Oh, there's a slip of paper in the front cover. It looks like a hastily drawn picture of your fabergé egg, next to what you think might be a spindle? Grief seed, your know-it-all brain chimes in, eagerly informing you that if you don't find one and use it to purge your corruption, you'll probably die. That seems to be the gist of the note, too. Well, the headache is pretty bad, but not so bad that you want to die, you'd better get on finding one of these spindles. Witches drop them when killed, your brain supplies, being helpful for once. You can track witches with your soul gem.

You wait for your brain to clarify how to do that. It does not. It would appear that this is where your useful mystery knowledge comes to an end. If you had to guess, your soul gem looks to be around 82% dark, though you're not sure how you came to that number, you're pretty sure that when it goes black, it'll kill you, so you're going to get going. There's a coat hanging on the back of the door of this office, which you're increasingly sure is your office, so you pull it down and put it on. You think you feel like yourself, though you admit you don't know what yourself normally feels like, and the headache still sucks. There's a bit of dizziness going on too, joy. You slip out the door without a second thought, and after five minutes or so trying to find the exit of this building, you slip out onto what looks to be a university campus of some kind. Fuck.

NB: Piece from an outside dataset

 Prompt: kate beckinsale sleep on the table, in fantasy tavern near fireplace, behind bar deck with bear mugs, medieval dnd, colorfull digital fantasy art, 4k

Your brain helpfully supplies that you hate the layout of university campuses, and regard them all as damnable mazes. There isn't a map in your increasingly blurry vision, either, because you know whoever designed these infernal places is out to get you. Is blurry vision a sign you're dying of fabergé egg blackening? You hope not. Regardless of your unreliable eyes, you can make out a few important details.

Firstly, the building you've just come out of has a sign by the door, reading Greber Building for Architectural Studies. Secondly, there's a door a few metres to the right with stairs leading down, that your brain promises has tunnels at the end of it. Tunnels are nice, you don't need your know-it-all brain to tell you that. Third, this is a wide open space, so you can absolutely just wander around. Given your inability to figure out how to find witches, what will you do?

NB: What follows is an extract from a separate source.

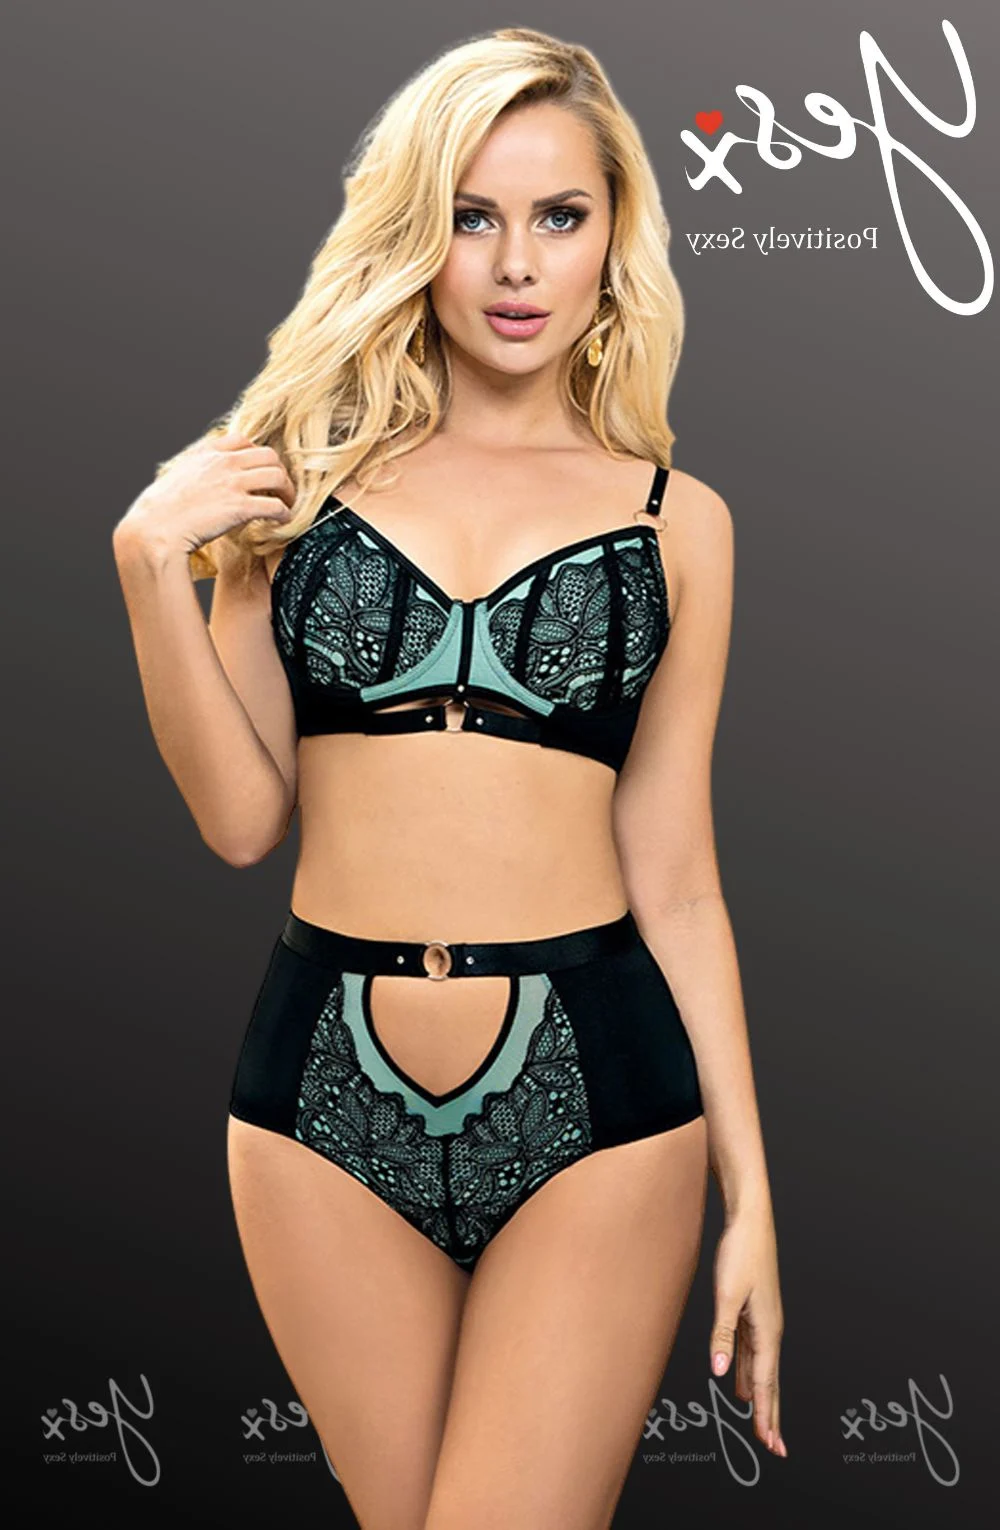 YesX YX830 Blue Lace Bra and Brief Set - Sexy Lingerie for Women

- - > [Return to the Greber Building! Perhaps there's someone there who knows you, and can render aid. Everyone knows magical girls congregate in architecture departments, after all.]
- - > [Descend into the tunnels, and discover new and more efficient ways to traverse the damnable mazes that are universities. You've heard rumours they have maps. Also, maybe witches live underground.]
- - > [Wander the campus on the surface. The sun is setting, and perhaps witches come out at night. There's more space out here than underground or indoors, so you might be more likely to spot a witch if one does show up.]
- - > [Write-in. What the hell is 'write-in'? Write what in? All you know is that whatever gets written in, it's subject to QM veto, as is standard for these types of things.]

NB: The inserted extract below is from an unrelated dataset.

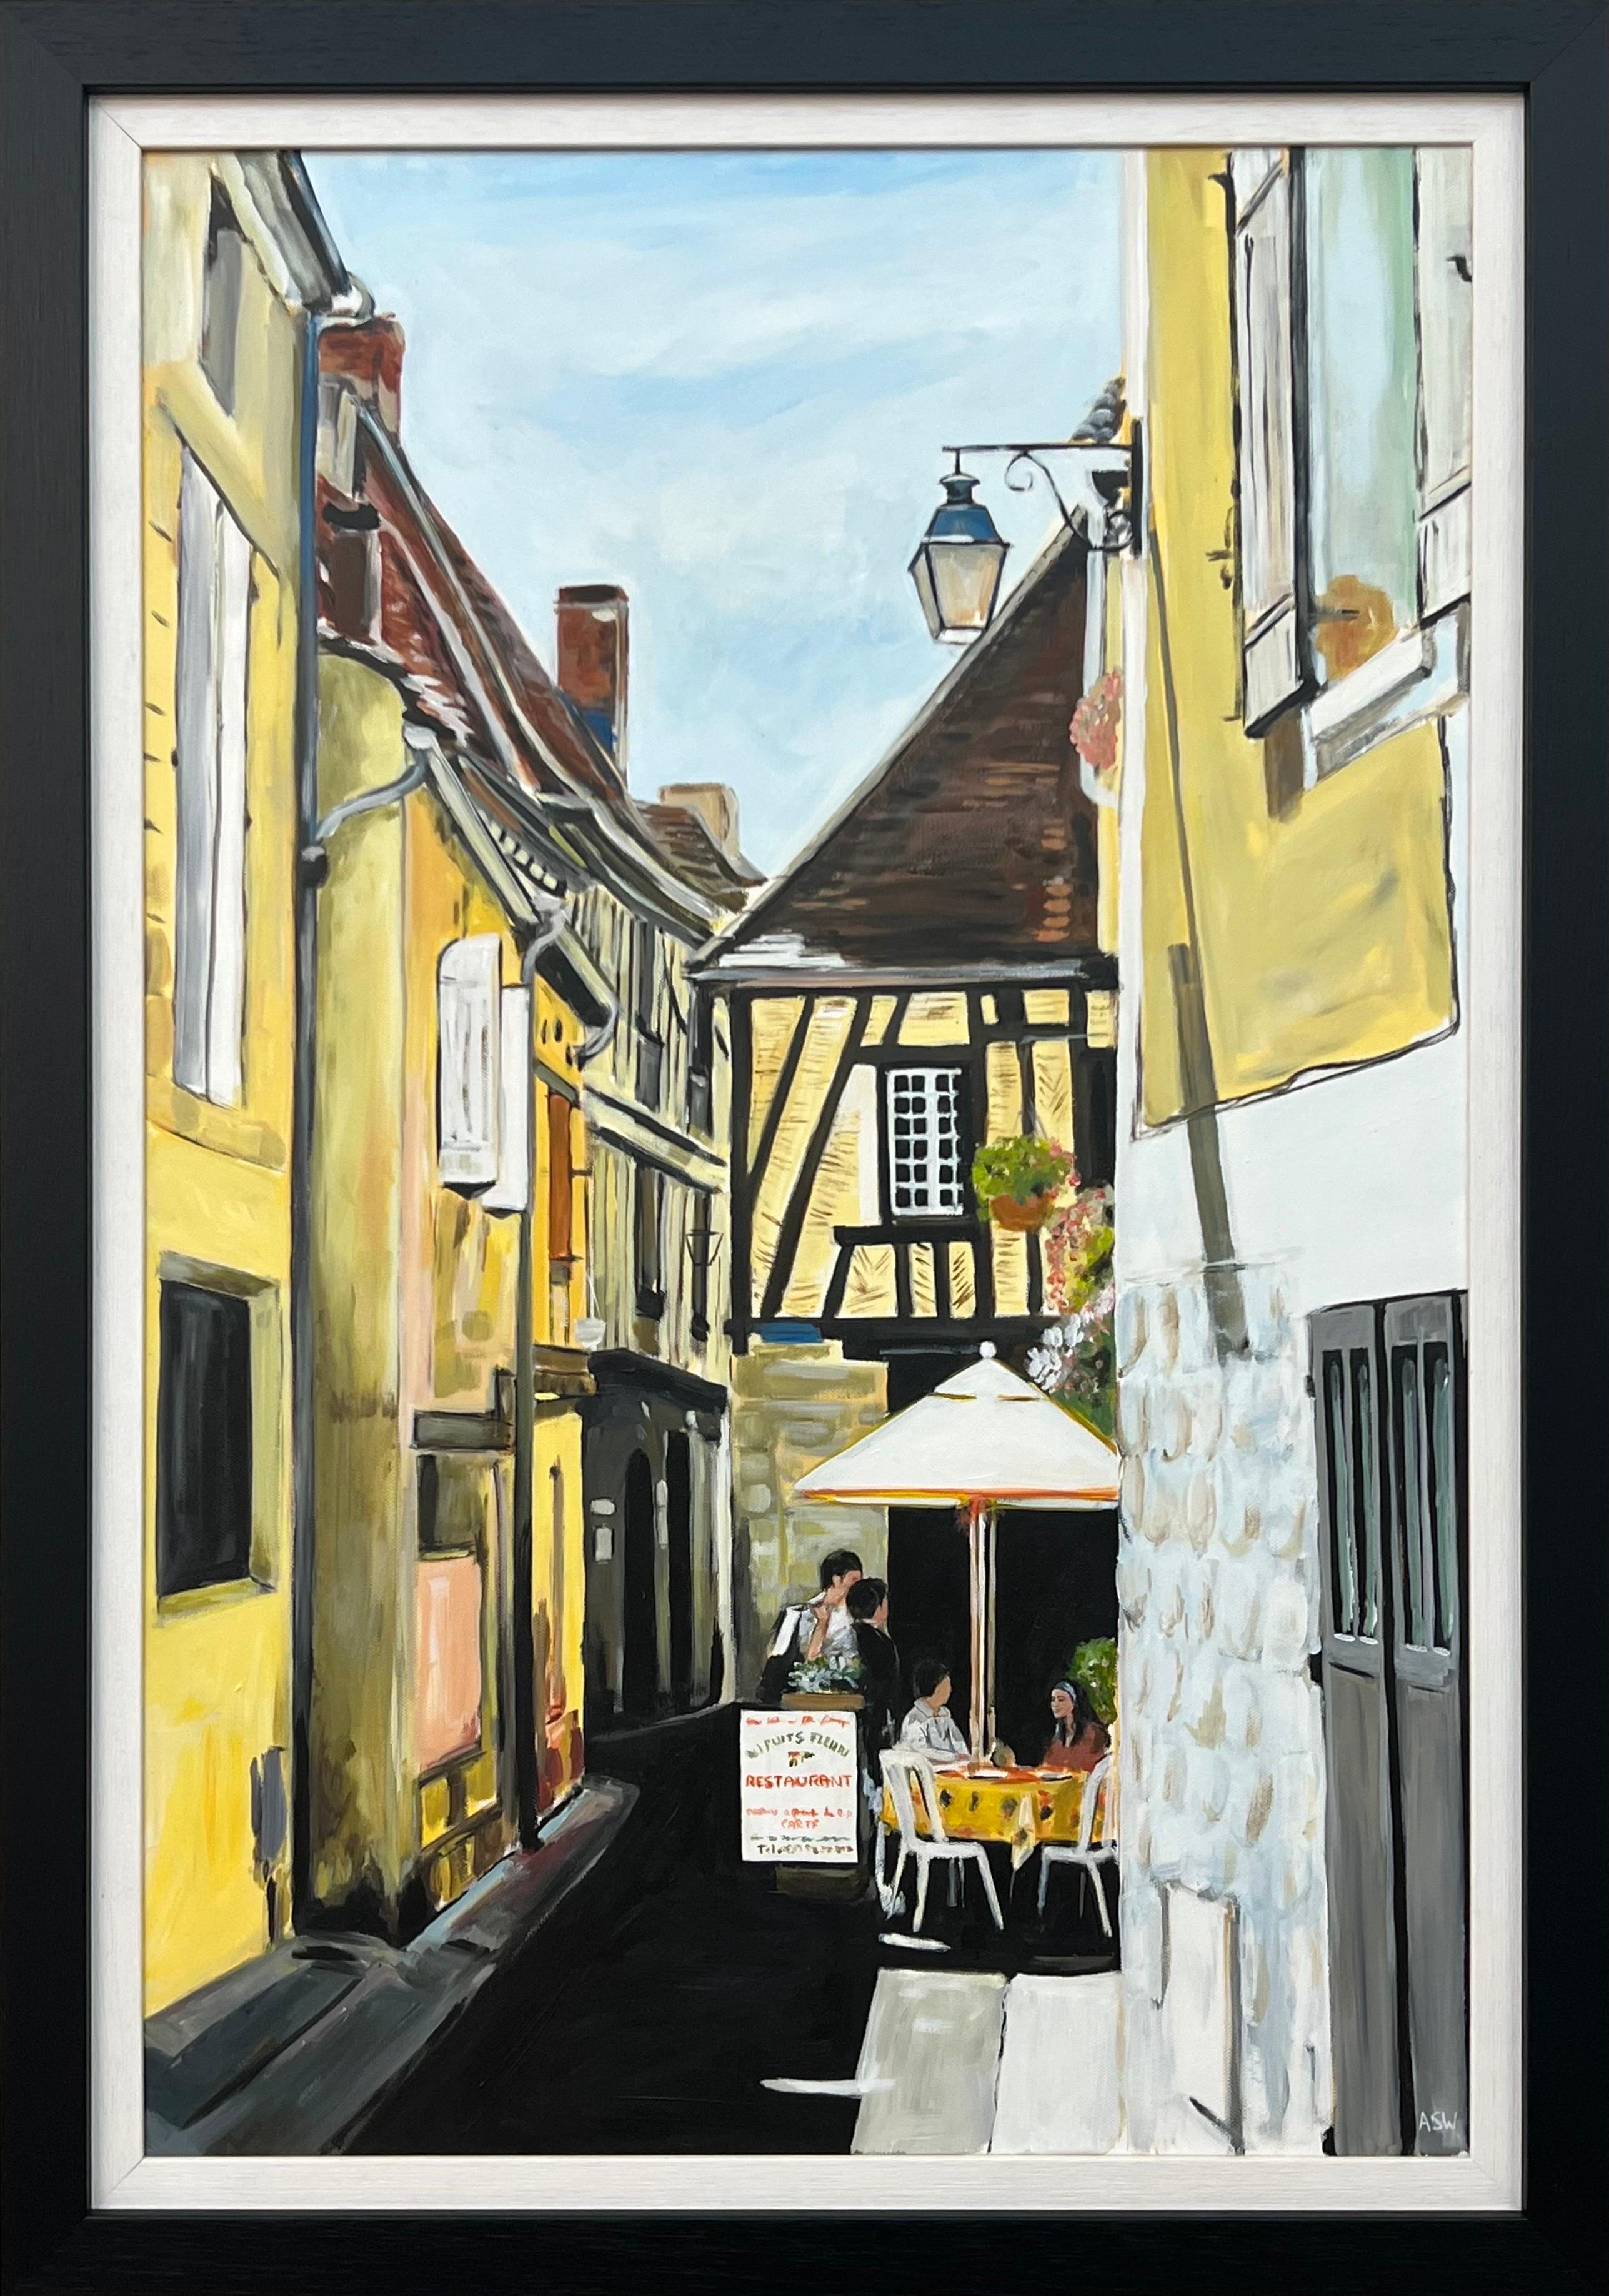 Painting of Bergerac Old Town Cafe in France by Contemporary British Artist

(Notes from the author: Well, this is my second attempt at a quest. This time, however, I did more than one draft, and have actual ideas as to where the story might go. No more digging around in graveyards on esoteric missions, comrades! Now, we scurry around a heavily distorted version of Major Canadian Cities trying to avoid dying from fabergé egg blackening! Here's hoping!)
 
part 2
With uncharacteristic clarity of purpose and intention, you resolve to head into the tunnels. The descent is nondescript, marked only with a brief stagger partway down the stairs, after which you elect to clutch the rail tightly to avert a fall.

There's a pun in that, somewhere. You aren't sure what it is, but you laugh nonetheless, eliciting an odd look from a small gaggle of students passing by you on their way out of the tunnels. You call out your fabergé egg and glance down at it. The arbitrary corrupted-ness value that comes to mind (through blurred vision) this time is about 91%. That's worse, right? Yeah, that's a whole lot worse. You could really use a spindle right now.

You reach the bottom of the stairs and come to an intersection almost immediately. You can proceed right, or travel straight ahead. There's a map on the wall to your right, and while your blurry vision makes reading it difficult, you broadly make out your location near the Greber Building and conclude that there are more buildings straight ahead of you, to the north. As such, that is the direction in which you march, a periodical sway in your step. You have yet to find any witches, but you've been searching for what, five minutes at most? Time's a bit of a blur. You feel like dancing, but suppress the urge. People will stare.

What, more than they're already staring? You're sure you look like you're drunk, haphazardly wandering this tunnel with unsteady steps, clutching a faintly glowing magic rock. You remember your aunt. That's a memory! That's a success! She used to glare at a specific painting a lot, before… Ah, you suppose you don't have much in the way of memories. These thoughts occupy you as on you march. A leaf blows past, perhaps fallen from a tree in autumn and tracked in months later on the sole of someone's boot.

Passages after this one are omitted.